Laïcité, charia et aspirations contraires
L’émergence de l’islam politique n’a pas suscité de grand débat en Afrique du Nord, mais la majorité des citoyens s’y prononce pourtant (63,1% des Libyens par exemple) pour la séparation du religieux et du politique. C’est en Algérie et au Maroc que l’on trouve le plus de sondés opposés à cette séparation (respectivement 37,8% dans le premier et 36,4% dans le second). Mais il faut rappeler que ces chiffres traduisent des réalités très différentes. Dans le royaume chérifien, par exemple, l’image de l’islam est associée à la monarchie qui incarne à la fois l’autorité politique et religieuse : ne pas vouloir effectuer de distinction nette entre ces deux sphères y exprime surtout un attachement à la personne du roi.
Mais rien n’est simple dans cette étude qui reflète aussi les contradictions des populations. En ce qui concerne l’application de la charia comme unique source des lois, les résultats viennent ainsi contredire cette volonté majoritaire de séparer le religieux du politique.
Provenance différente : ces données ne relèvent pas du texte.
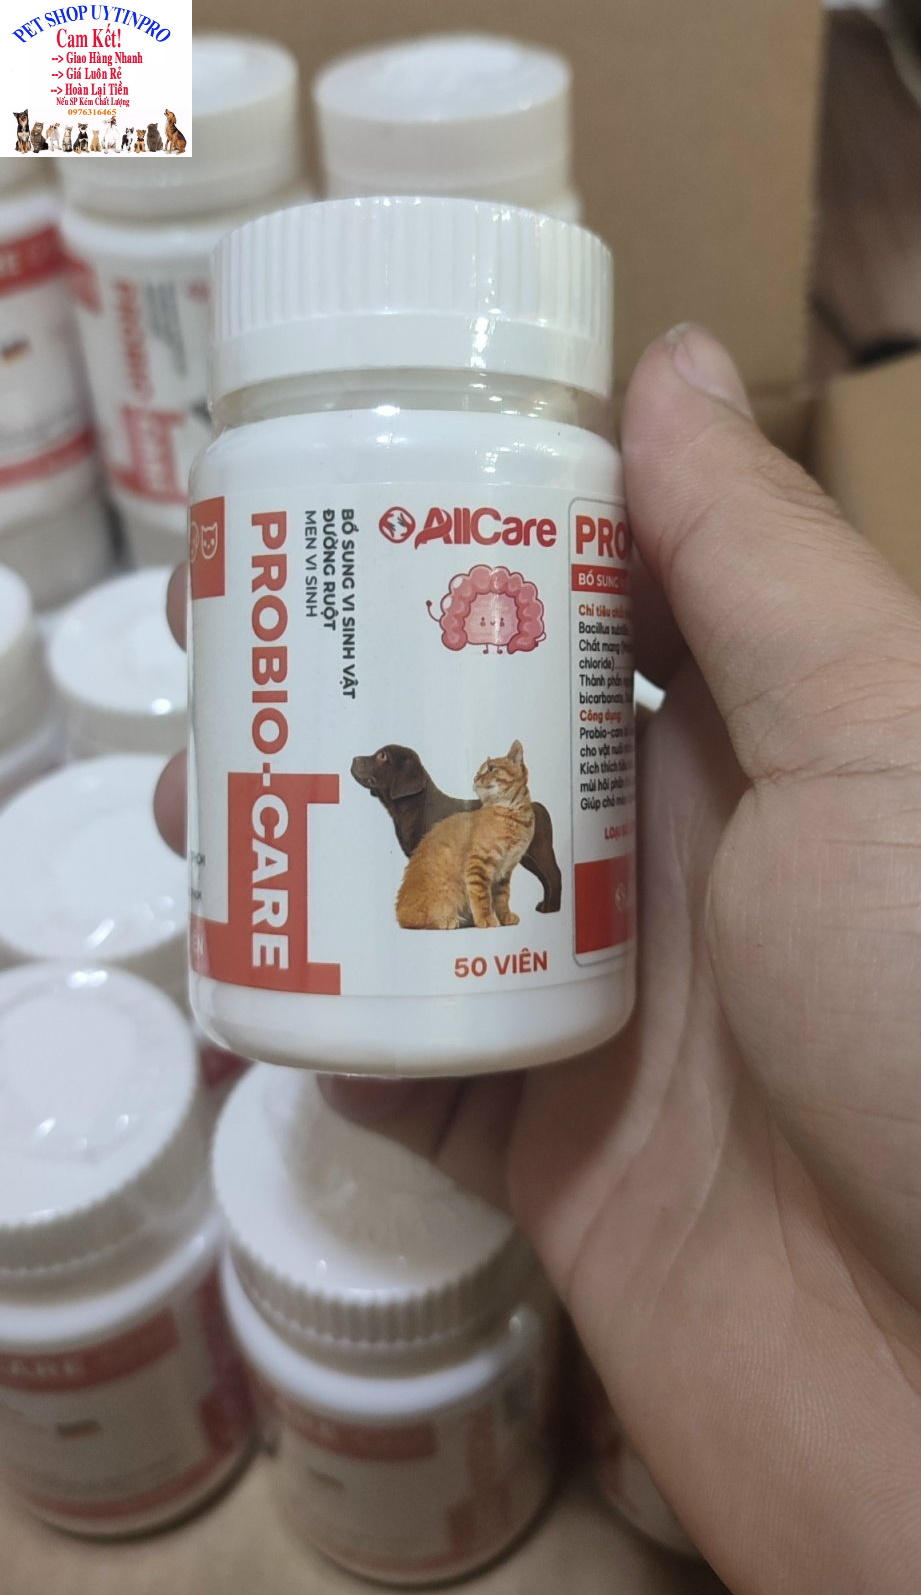 1 Viên bổ sung men vi sinh vật đường ruột cho Chó Mèo Probio-Care Giúp cải thiện hệ tiêu hóa thú cưng Nliệu NK từ Đức

La Libye – qui n’a pas connu d’autre modèle que la loi islamique – approuve à 78,7% son application ; l’Algérie à 62,9% ; l’Égypte à 59,7% ; et le Maroc à 54,9%… Là encore, seule la Tunisie fait exception avec uniquement 23,4% des sondés qui acceptent la charia.
Faut-il voir derrière cet engouement quasi général pour la loi islamique une expression du conservatisme religieux ou une vraie radicalisation ? La réponse n’est pas évidente, les sondés estimant dans leur majorité que l’État doit défendre la religion quand elle est attaquée mais que, dans le même temps, les imams doivent rester en dehors du champs politique.
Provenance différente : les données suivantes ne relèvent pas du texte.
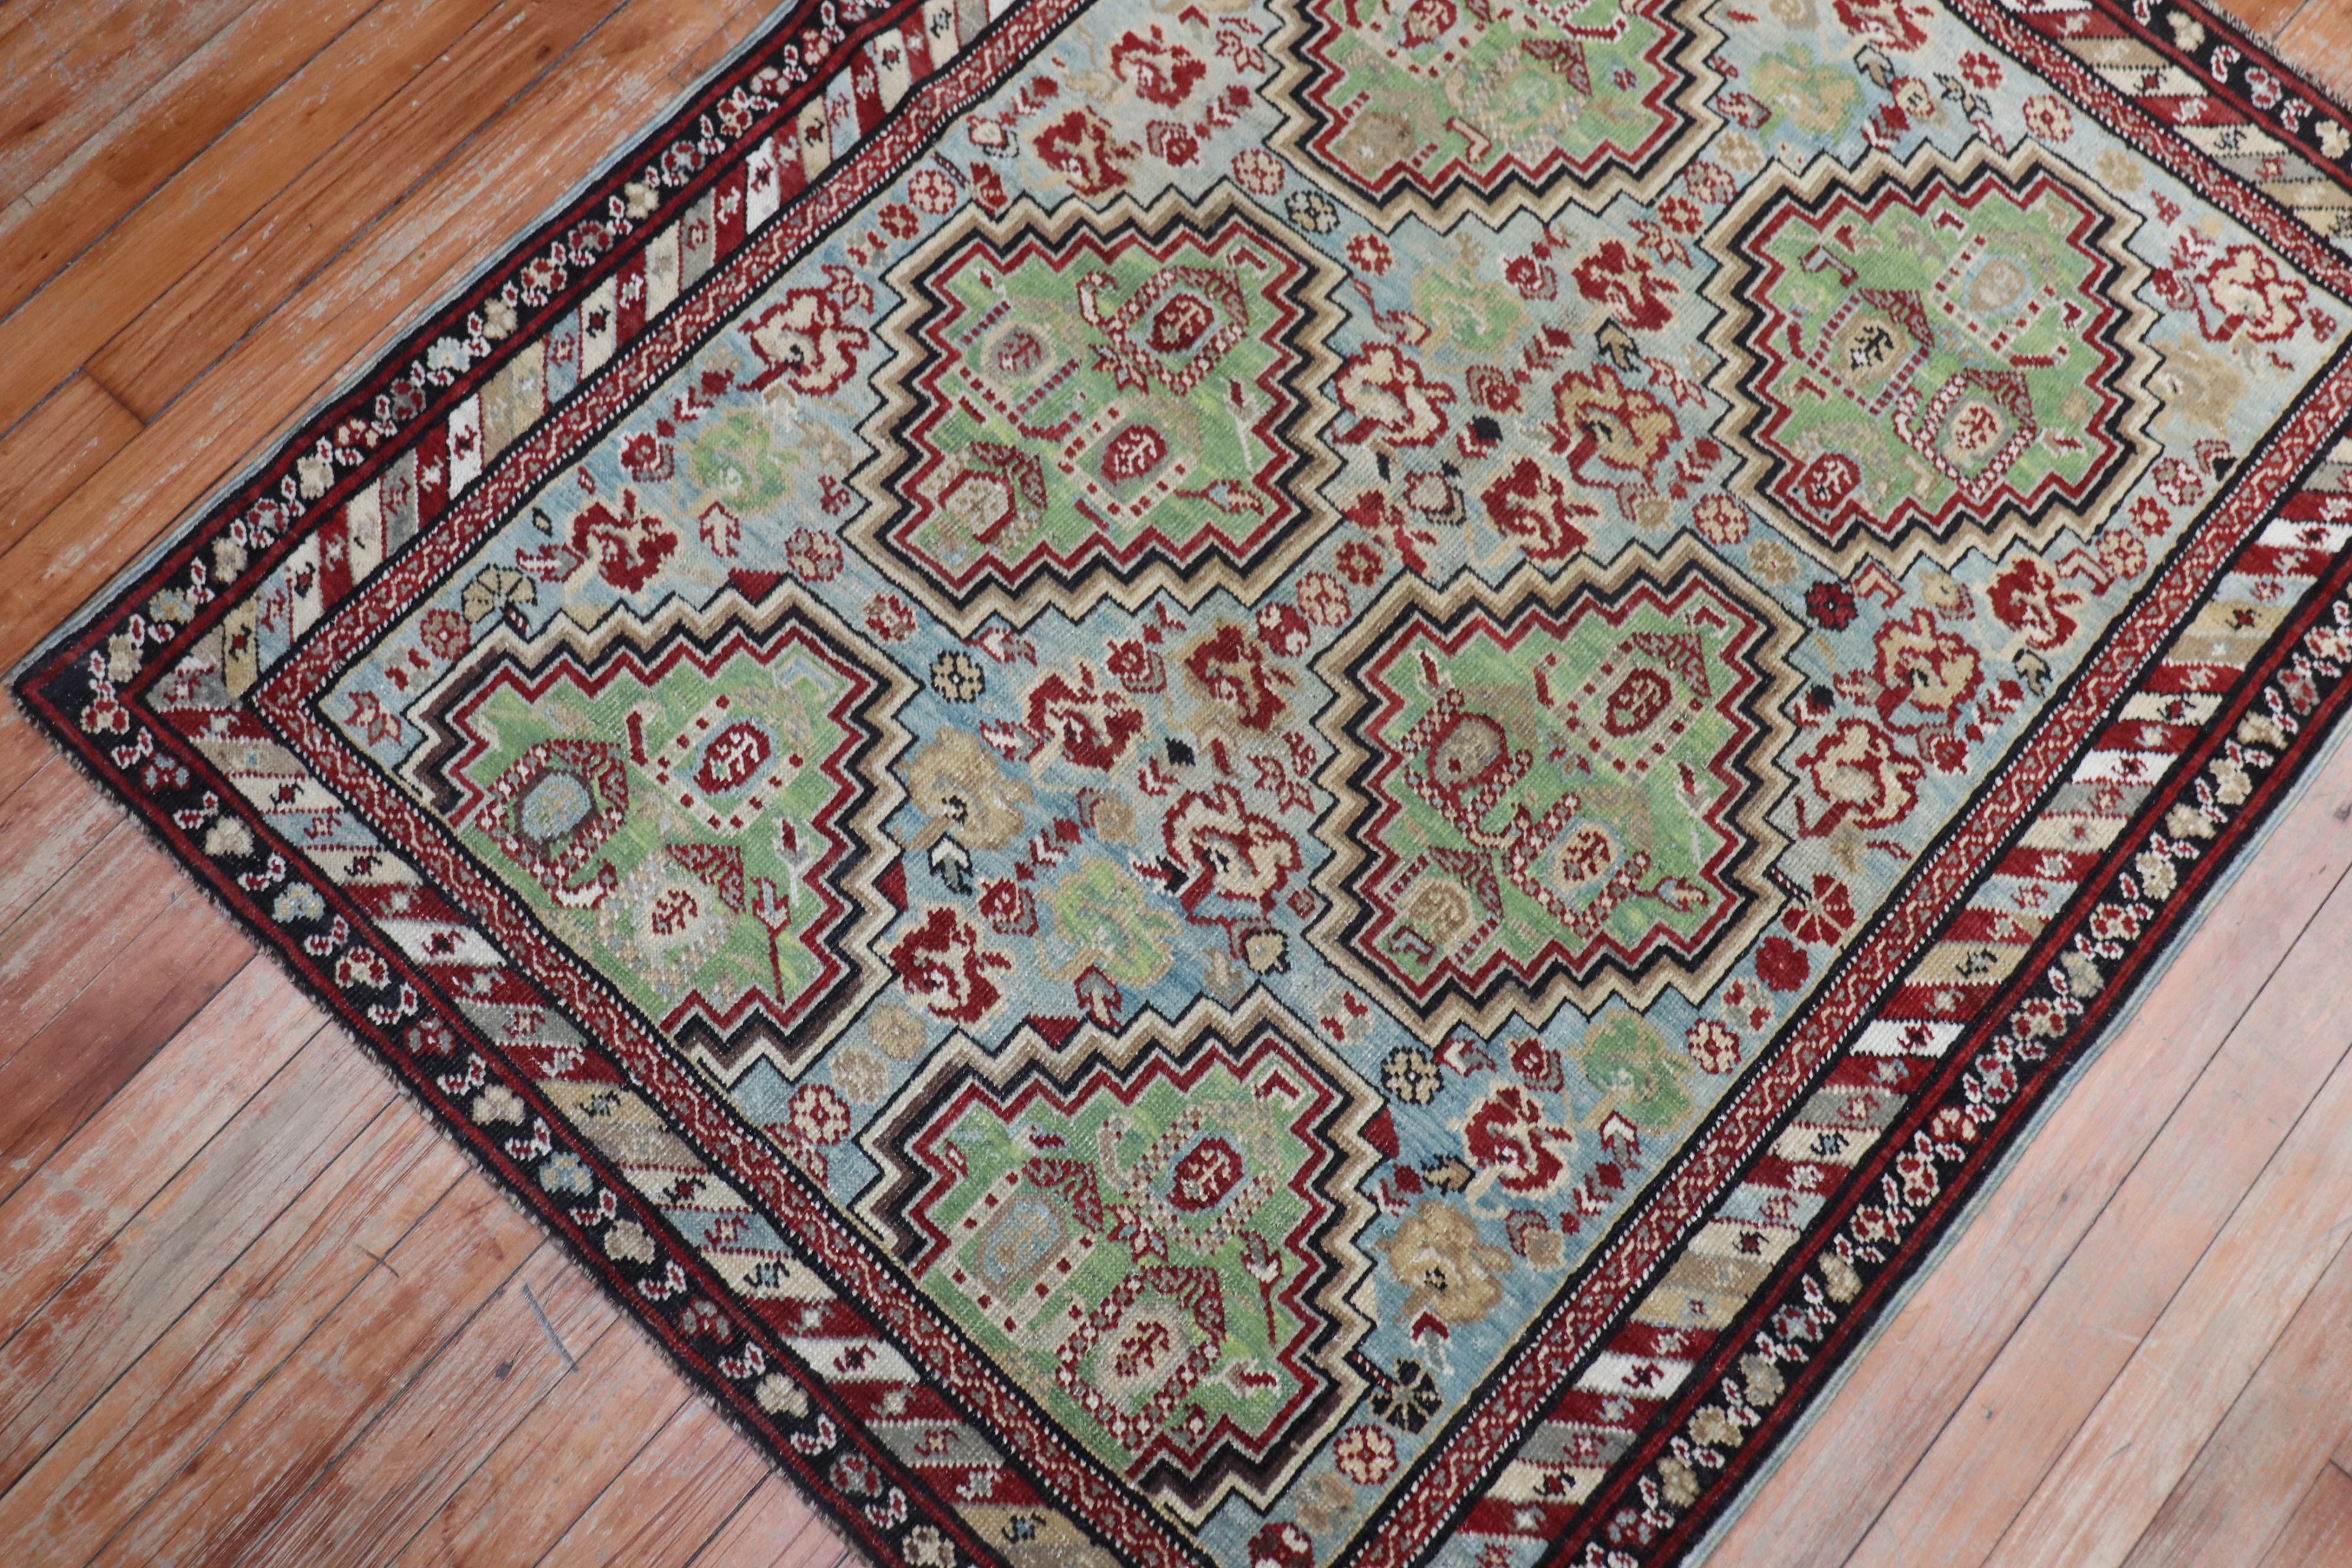 Antiker kaukasischer Baku-Khila-Teppich aus dem späten 19. Jahrhundert mit 6 hellgrünen Medaillons (2 der Medaillons sind halb gefüllt) auf einem hellblauen Feld, umgeben von einer mehrbändigen Bordüre

Maße: 3'4

Condamnation unanime de Daesh
Les sondés ne font pas de réelle distinction entre « musulmans » et « islamistes », sans doute parce que ces deux termes en arabe se prononcent presque de la même manière. Ils s’accordent cependant à dire que l’extrémisme religieux est dû à « une mauvaise interprétation de la religion et une calomnie de l’islam ». Refusant la violence et le terrorisme, ils ne veulent pas que leur religion soit tenue pour responsable de l’escalade actuelle.
Pour eux, les principales raisons qui poussent une personne à se rallier aux rangs de l’État islamique sont plutôt sociales : chômage, inconscience et attrait du gain facile. Enfin, même si les conséquences de l’extrémisme sur la sécurité sont perçues différemment selon les pays – elles préoccupent 83,3 % des Tunisiens contre seulement 39,4% des Égyptiens – la condamnation de Daesh est unanime dans toute l’Afrique du Nord.